Famous Cupcakes in North Hollywood was sued last month for using coloured "dots" on the top of its icing. According to Sprinkles, they resembled the trademarked "modern dot" which it uses to differentiate between different flavours of cakes.
The dispute may sound delightfully petty, but a highly-lucrative industry's future is at stake. The cupcake craze began roughly five years ago, when stars of the television show Sex and the City became patrons of Manhattan's now-famous Magnolia bakery.
In 2005, the trend spread to California with the opening of the first Sprinkles in Beverly Hills. It gained momentum when Barbra Streisand sent a tray of cakes to Winfrey, who featured them on her show.
Widespread celebrity endorsement followed. Courtney Love soon complained they'd caused her to gain 10lb. Teri Hatcher, Kevin Bacon and Serena Williams were seen queuing at the Sprinkles counter.
Most cupcake stores sell a beefed-up American version of the traditional English fairy cake. Each costs between $3 (£1.70) and $5, measures four or five inches in diameter, and contains a variety of sugary toppings and fillings. Flavours range from "peanut butter and chocolate ganache" to "red velvet with cream cheese".
There are now about 1,000 specialist stores in the US, but no pre-eminent national chain has yet emerged. Lawyers for Sprinkles, which has ambitious expansion plans, claim this explains their aggressive brand protection.

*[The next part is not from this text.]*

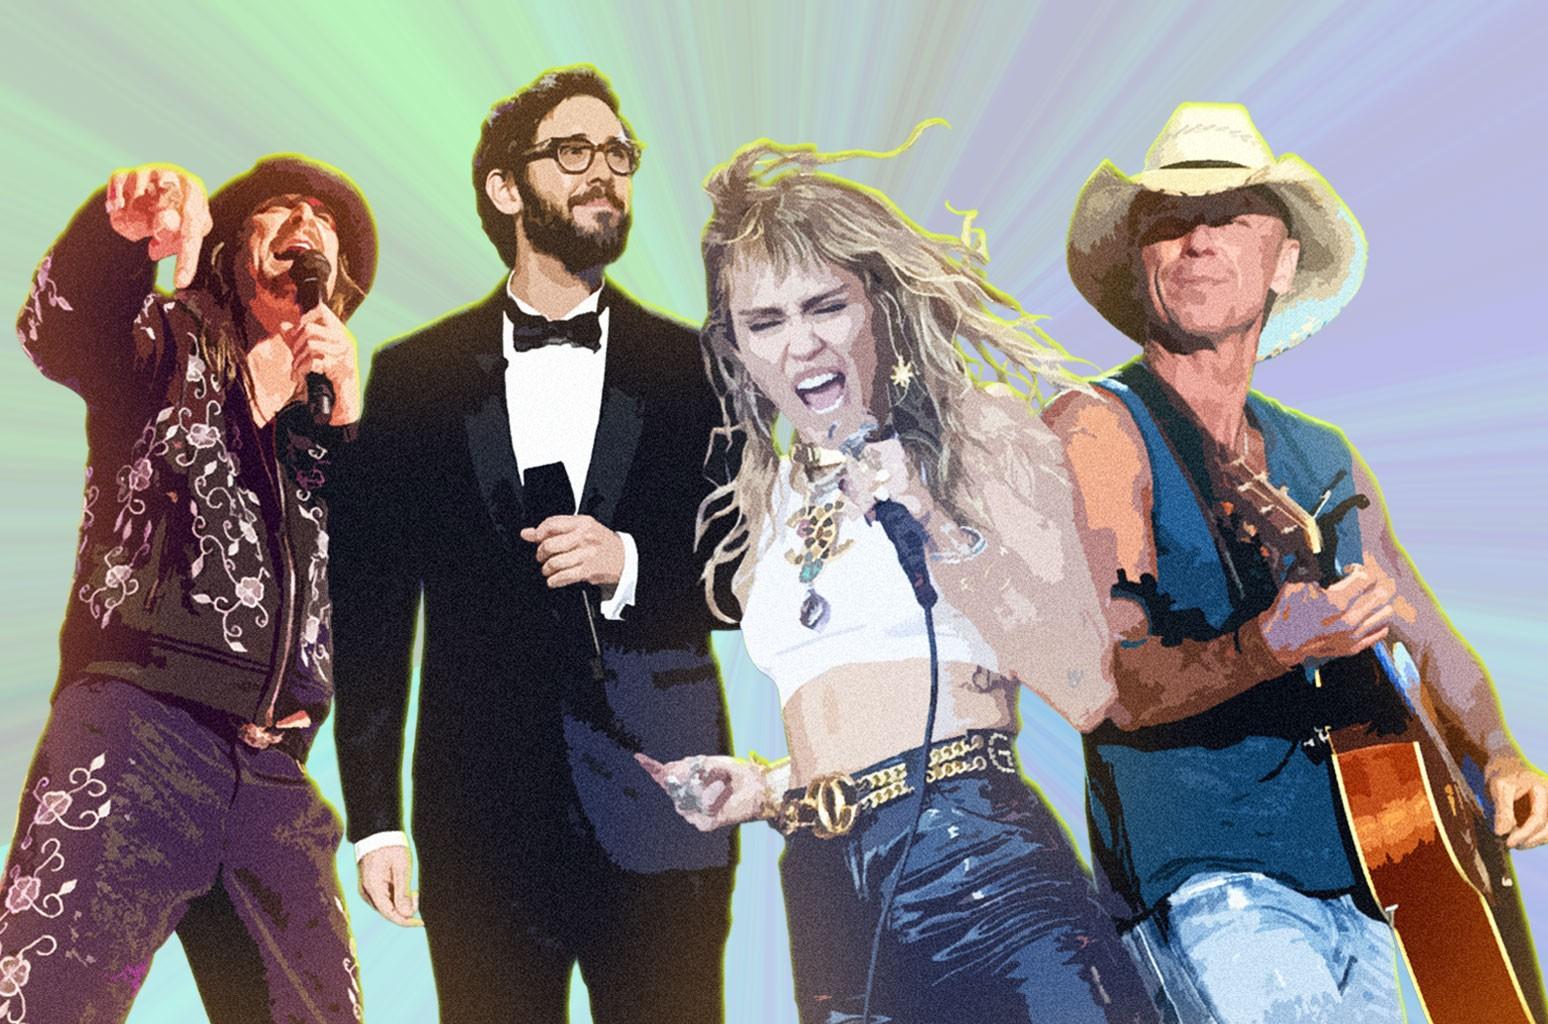 Kid Rock, Josh Groban, Miley Cyrus, Kenny Chesney

"The law says that if you're a trademark owner, you have a duty to enforce your rights," said their attorney, John Slafsky. "These are small-business people themselves. They've worked really, really hard to build a successful business, and it's frustrating for them when other folks feel comfortable copying their original creations and their original brands."

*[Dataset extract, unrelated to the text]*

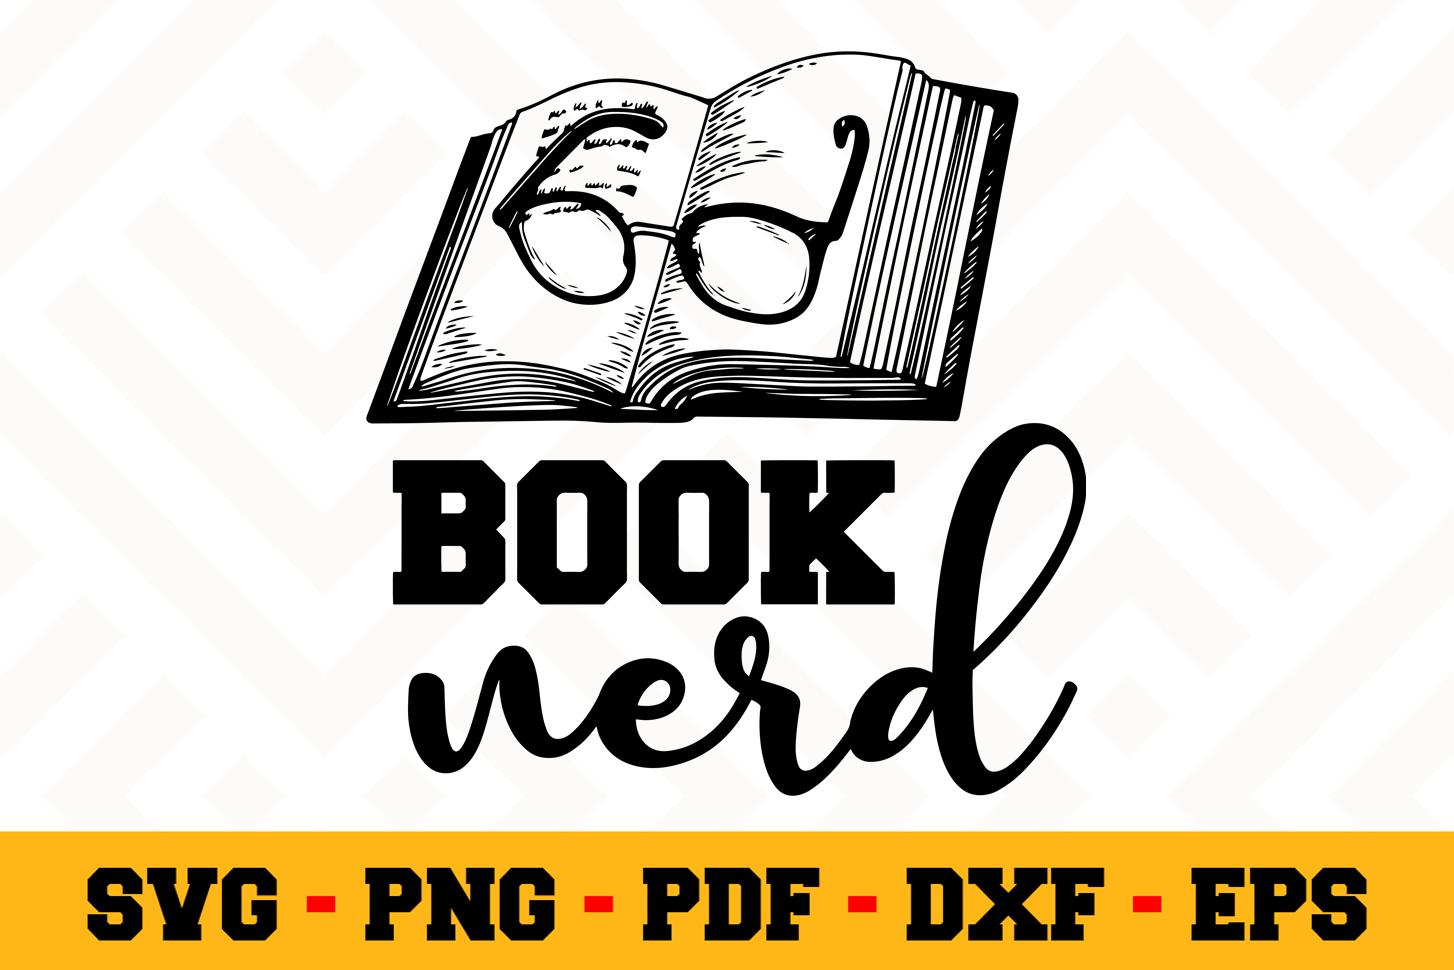 Book Lover SVG Design n617 | Reading SVG Cut File example image 1

Ultimately, the industry's future may lie in whether any firm can lay claim to the verb "sprinkle," according to Doug Lichtman, a UCLA law professor. A court may also have to decide if the "modern dot" on Sprinkles cakes really does set it apart from its rivals.

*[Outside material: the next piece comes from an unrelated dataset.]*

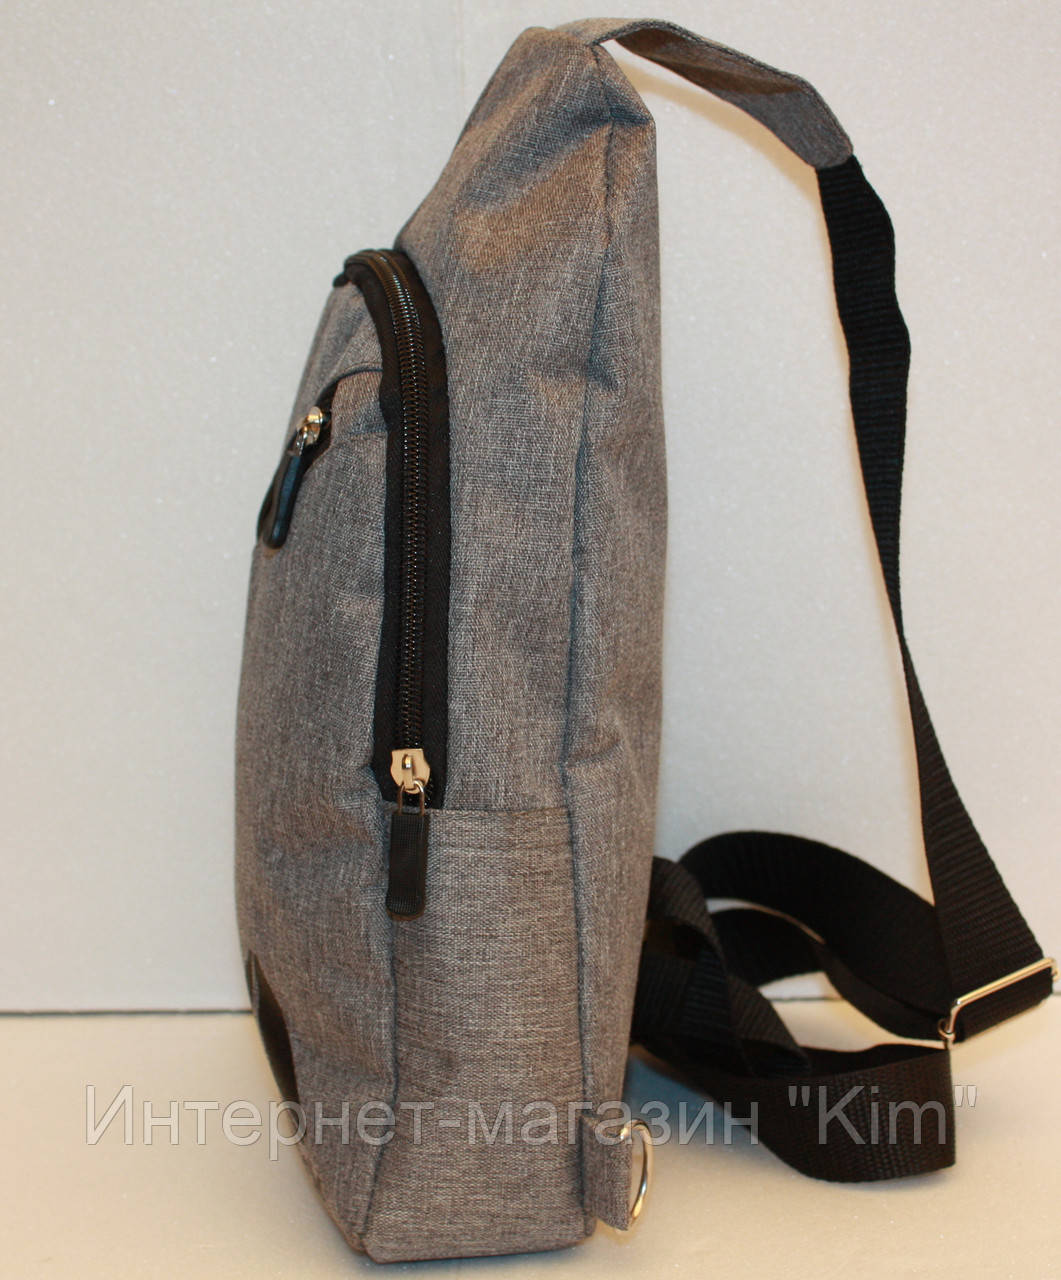 8757bc60 Сумка слинг через плечо в стиле Nike светло-серая: продажа, цена в ...

"It might be that, from the perspective of a cupcake customer, the 'modern dot' simply looks like one of several traditional allocations of frosting," he said. "That might make the mouth water, but it would not warrant legal protection."
A brief history of the cake in a cup
US celebrities may have fuelled the modern obsession with the cupcake but it dates back to a time when the likes of Hummingbird and Sprinkles were a mere glint in a baker's eye.
In 18th-century America, harried housewives apparently saved time by measuring cake ingredients in cups rather than by weight. The ovens of the day also meant larger cakes took an age to bake and burnt easily.
This explains the "cup" name but some preferred to call the treats "number" or "1234" cakes because of the proportions required to bake one (generally, one cup of butter, two of sugar, three of flour and four eggs, plus a cup of milk and a spoonful of soda).
The earliest recipe for a cupcake appears in American Cookery by Amelia Simmons, the first American cookbook (1796): "A light Cake to bake in small cups: Half a pound sugar, half a pound butter, rubbed into two pounds flour, one glass wine, one do. Rosewater, two do. Emptins, a nutmeg, cinnamon and currants."